In Ocasio-Cortez’s New York City district, many immigration activists have been heartened that their representative has reached out to them for feedback on H.R. 6 and other issues, but some feel that she should be doing more to shape her party’s immigration bills so that advocates don’t have to approve criminalization measures in order to support TPS recipients.

“AOC has criticized Democrats for having no national plan on immigration, but instead always reacting to Republicans,” says Lupita Romero, a Queens-based activist and DACA recipient. “But in reality, she’s been just as reactive. She’s calling us to talk about how to react to legislation from Democratic leaders. I’m glad to see her take up the Abolish ICE slogan, but I think that, unlike health care, it’s not an issue she’s leading on. It’s disappointing when it was one of the main reasons her district fought for her.”

As Romero points out, the lack of opposition to the criminalization provisions in H.R.6 shows that centrist immigration policies have not been subjected to the same kind of challenge from left-wing Democrats like Ocasio-Cortez and Bernie Sanders as have the party’s centrist positions on issues like health care and climate change.

This is dangerous, given Republican aims to ride anti-immigrant alarmism all the way through the 2020 election. Over the next year, we can expect a steady drumbeat of fantastical stories about immigrant violence and criminality in the right-wing media echo chamber that extends all the way from neo-fascist websites to the White House.

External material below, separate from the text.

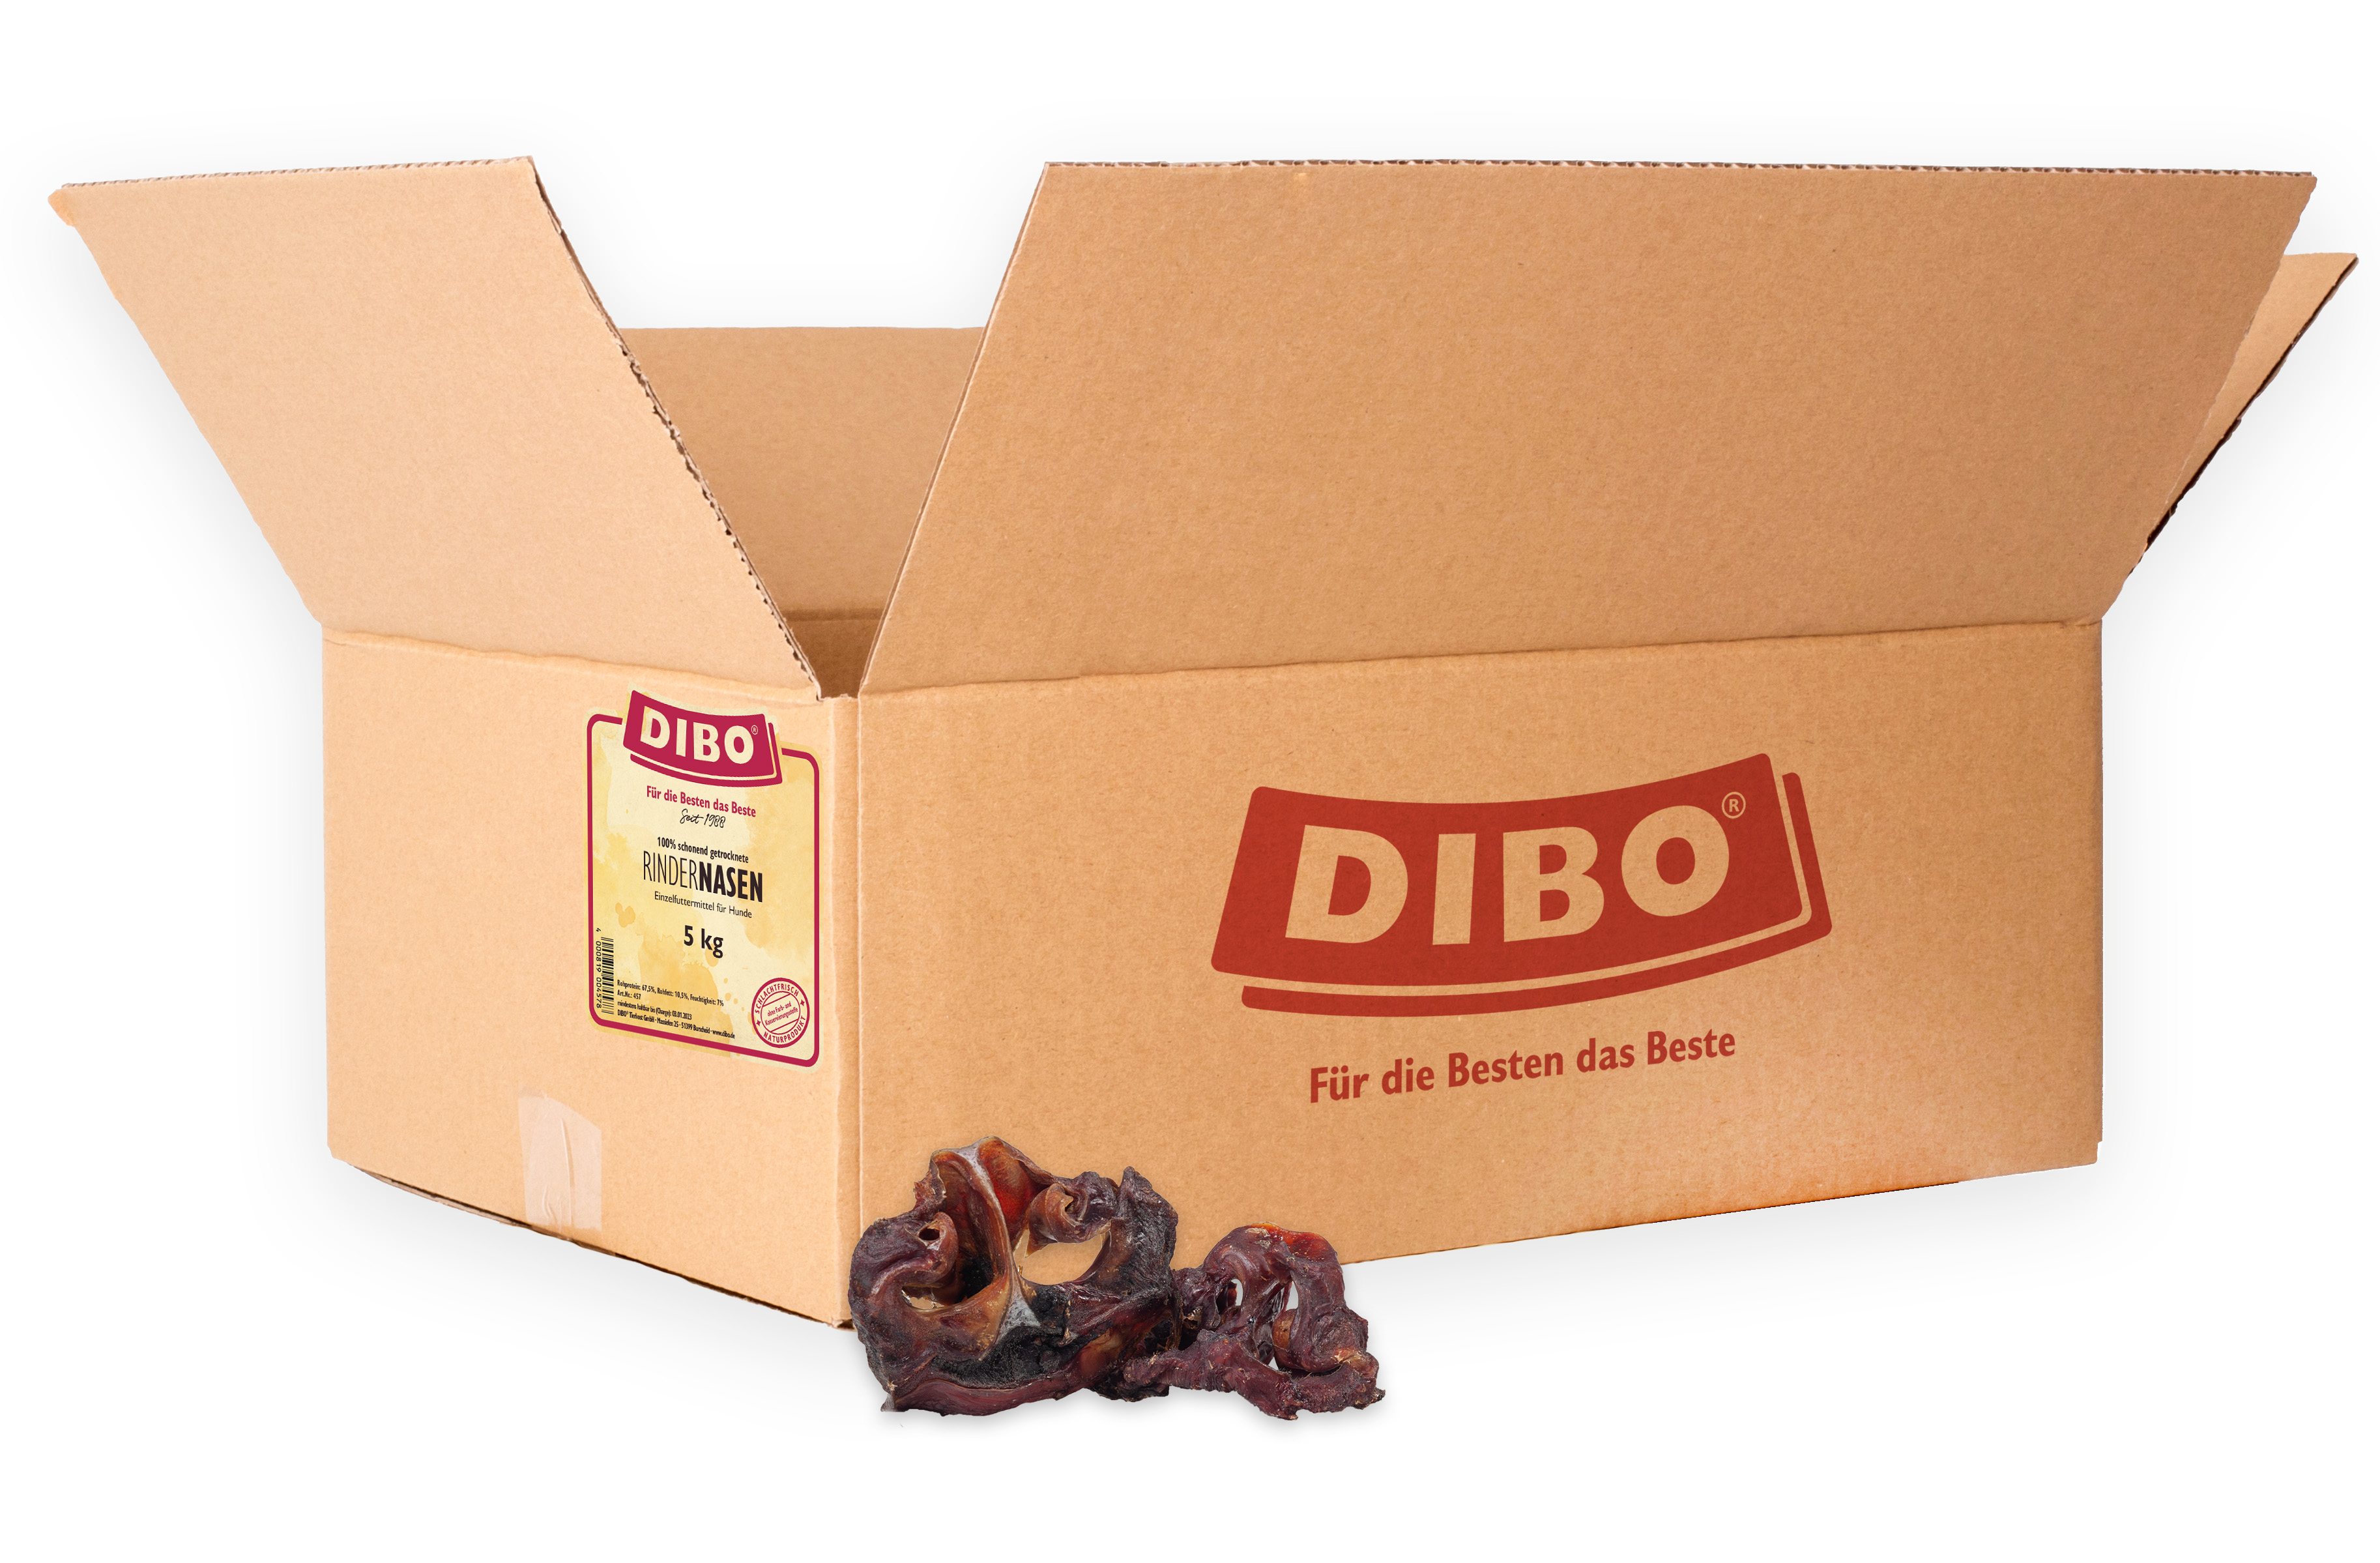 DIBO Rinder-Nasen, 5kg-Karton

For many immigrant advocates, the criminalization language in H.R.6 shows how far most Democrats are from a position that would defend communities against these coming attacks without ceding crucial ground.

As an advocate for Nepali Americans with TPS status, Benjamin strongly supports the Dream and Promise Act, but she’s clear-eyed about its flaws. “How the Democrats came up with the bill is a reflection of who the Democratic Party is,” she says. “Democrats are not the immigrant rights movement.”

For her part, Shah is saddened by how little the party seems to have learned in the three decades since the tragedy of the Central Park Five.

“I think Democrats are still not very clear about where they are on [the] superpredator narrative,” she says. “We should be past that.”